L’enjeu consiste désormais à identifier les bots légitimes, bloquer les bots malveillants et maintenir la qualité de service pour les utilisateurs humains.
Selon lui, de nouvelles technologies apparaissent déjà pour répondre à cette problématique. Elles associent intelligence artificielle, analyse comportementale et mécanismes adaptatifs capables de réguler automatiquement les flux de requêtes.
"Ces technologies devraient devenir des composants standards des infrastructures web dans les prochaines années", précise-t-il.
Un impact économique croissant
Au-delà des défis techniques, la progression du trafic automatisé entraîne également des conséquences financières pour les entreprises.
"Chaque requête adressée à un serveur consomme des ressources de calcul, de mémoire, de stockage et de bande passante", rappelle Djebli Mohamed Charif.
Lorsque des millions de requêtes sont générées quotidiennement par des bots, les organisations doivent renforcer leurs capacités informatiques, investir davantage dans les infrastructures cloud et accroître leurs dépenses en cybersécurité.
L’expert cite notamment les solutions anti-bots, les systèmes de protection contre les attaques par déni de service distribué (DDoS), les outils de détection comportementale ainsi que les dispositifs de surveillance continue.
Selon lui, ces dépenses représentent désormais une part significative du budget informatique de certaines entreprises.
Vers une redéfinition des audiences en ligne
La progression des bots pourrait également modifier les modèles économiques qui reposent sur le volume de trafic Internet.
L'expert estime que les indicateurs traditionnels tels que le nombre de visites ou les pages vues risquent progressivement de perdre de leur pertinence.
"Les annonceurs accordent de plus en plus d’importance à la qualité de l’audience, à l’engagement réel et aux interactions humaines vérifiées", explique-t-il.
Face à cette évolution, les plateformes développent déjà de nouvelles méthodes de mesure capables de distinguer avec davantage de précision les visiteurs humains des agents automatisés.
Selon l’ingénieur, la capacité à certifier l’authenticité d’une audience pourrait devenir un avantage concurrentiel important dans les années à venir. "La confiance dans les métriques de fréquentation deviendra un enjeu stratégique aussi important que le volume de trafic lui-même", souligne-t-il.
Le rapport de HUMAN Security repose sur les données recueillies par sa plateforme Human Defense Platform, qui affirme avoir analysé plus d’un quadrillion d’interactions numériques.
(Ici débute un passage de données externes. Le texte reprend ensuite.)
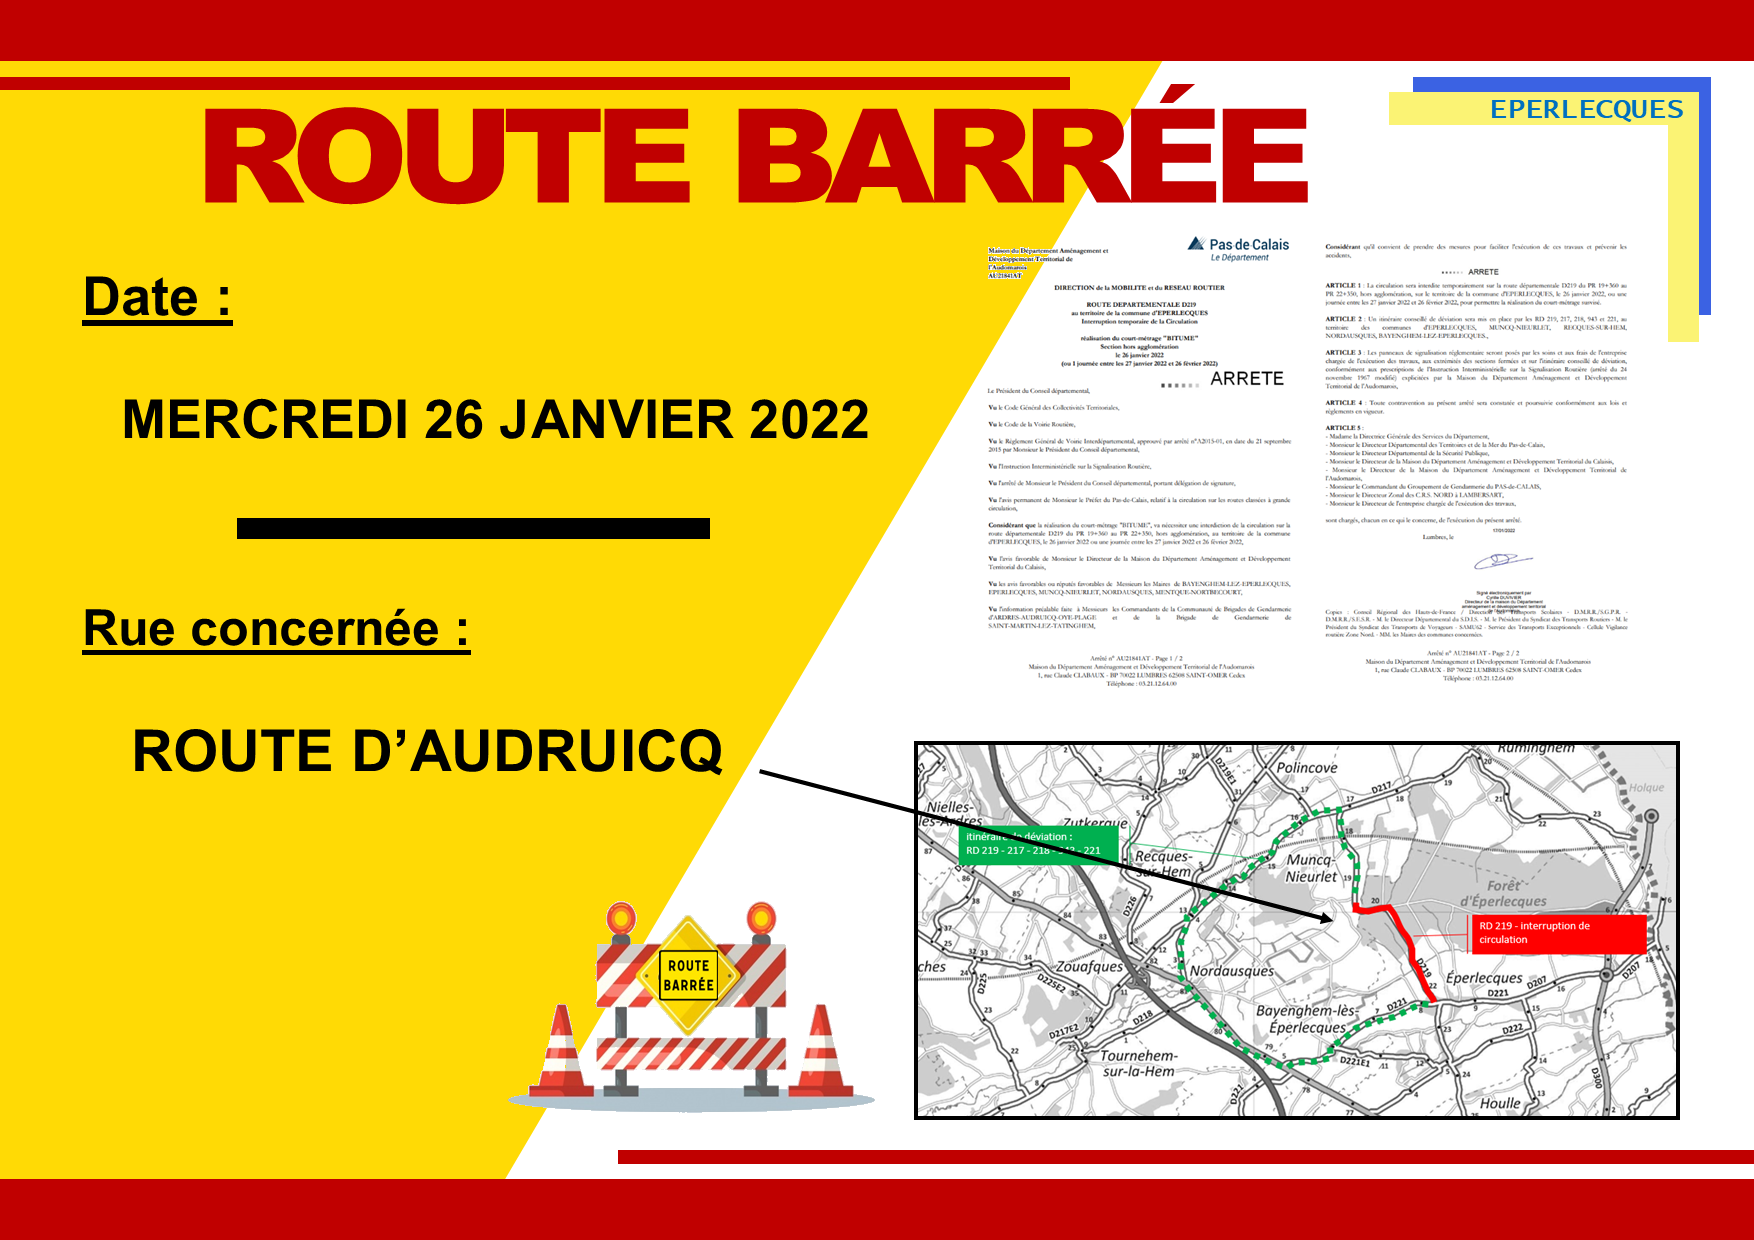 Route barree

Les auteurs reconnaissent toutefois que la mesure du trafic automatisé à l’échelle mondiale reste complexe, notamment en raison de l’absence d’une base de données centralisée couvrant l’ensemble des interactions sur internet.
Cette publication constitue néanmoins l’un des indicateurs les plus suivis de l’évolution du trafic lié à l’intelligence artificielle. Une tendance qui, selon plusieurs acteurs du secteur, devrait continuer à s’accélérer avec la multiplication des outils d’IA générative et des agents autonomes capables d’interagir directement avec le web.